The model 730 of 1964 would still have exhibited the early type marking on the caliper arms where there is no recess for the makings.  The later type seen on the bicycle came in about 1968.

Here is a model 730 caliper with the early type marking -







			VeloBase.com - Component: Weinmann AG 730 De Luxe (earlier, incised lettering)
		


This article on Weinmann products at classiclightweights.co.uk mentions the change in markings -






						Weinmann components
					

Weinmann components



					www.classiclightweights.co.uk
				




If you would like to get the period correct markings you could keep an eye out for two old style calipers, doesn't matter if front or back.  You could remove the caliper arms and polish them up and mount them on your present new appearing hardware.

-----


----------



## kostnerave

Hi Juvela, Thank you for the information. The calipers came on the bike as bought and are a perfect match for the calipers on my August '65 Coppertone Varsity Tourist. The Sky Blue Varsity is a very late November build, using many '65 parts. I did find a n.o.s. front Sprint Pat. Pend. derailleur that is now on the bike. Here are a couple of pictures of the Coppertone bike.
Mike


----------



## Tim s

kostnerave said:


> Hi Juvela, Thank you for the information. The calipers came on the bike as bought and are a perfect match for the calipers on my August '65 Coppertone Varsity Tourist. The Sky Blue Varsity is a very late November build, using many '65 parts. I did find a n.o.s. front Sprint Pat. Pend. derailleur that is now on the bike. Here are a couple of pictures of the Coppertone bike.
> Mike
> 
> View attachment 1139848
> 
> View attachment 1139850
> 
> View attachment 1139851



Another beautiful Varsity in my second favorite Schwinn color. Tim


----------



## schwinnman67

Wow!! Very nice!!


----------



## bikerbluz

Eye popping! That sky blue looks NOS. Beautiful copper tone too!


----------



## kostnerave

Thank you for all of your nice comments, they are appreciated. The Cabe is a great site because the members actually like bicycles for their history and beauty.


----------



## BroCraig

That's very eye catching. Do not come here with it. You'll leave without it. Lol


Sent from my iPad using Tapatalk


----------



## juvela

-----

Thank you for your patience with my question regarding the bicycle's Weinmann brake calipers Mike.

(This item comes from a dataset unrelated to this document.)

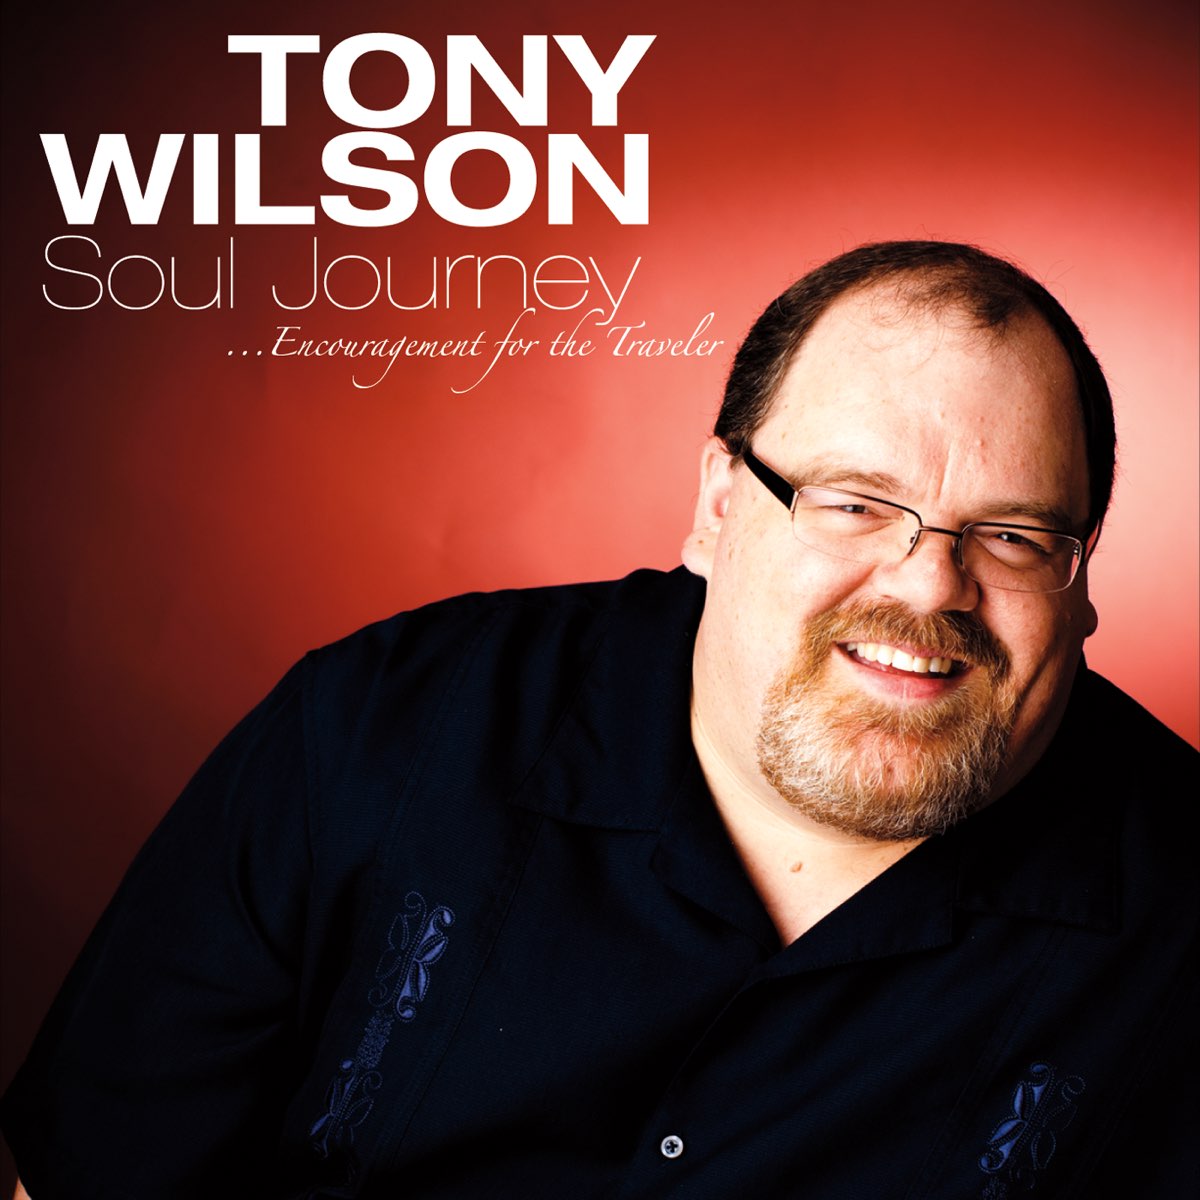 Soul journey. Tony Wilson.
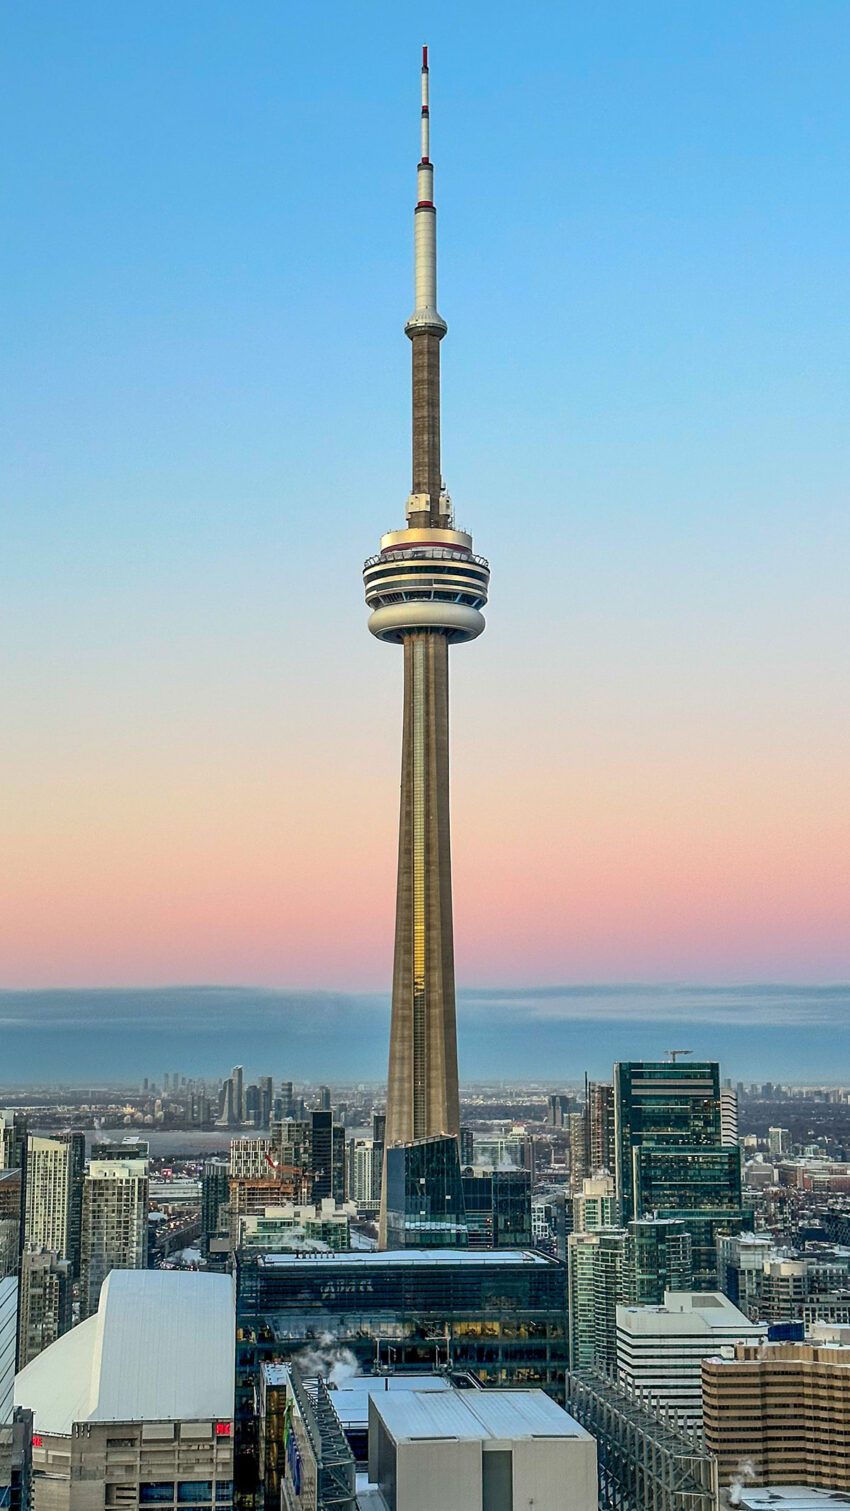 CN Tower in Toronto view from below. Photographer: Devindra Sookar

Subsequent exploration has shown me that the changeover time for the design of Weinmann sidepull calipers was 1962.

-----


----------



## HARPO

@kostnerave  Beautiful bike and great photos to show it off!!

Unless you need the room or the money, I'd be hard pressed to let it go...at least for quite a while. You rarely see one in this color and condition.


----------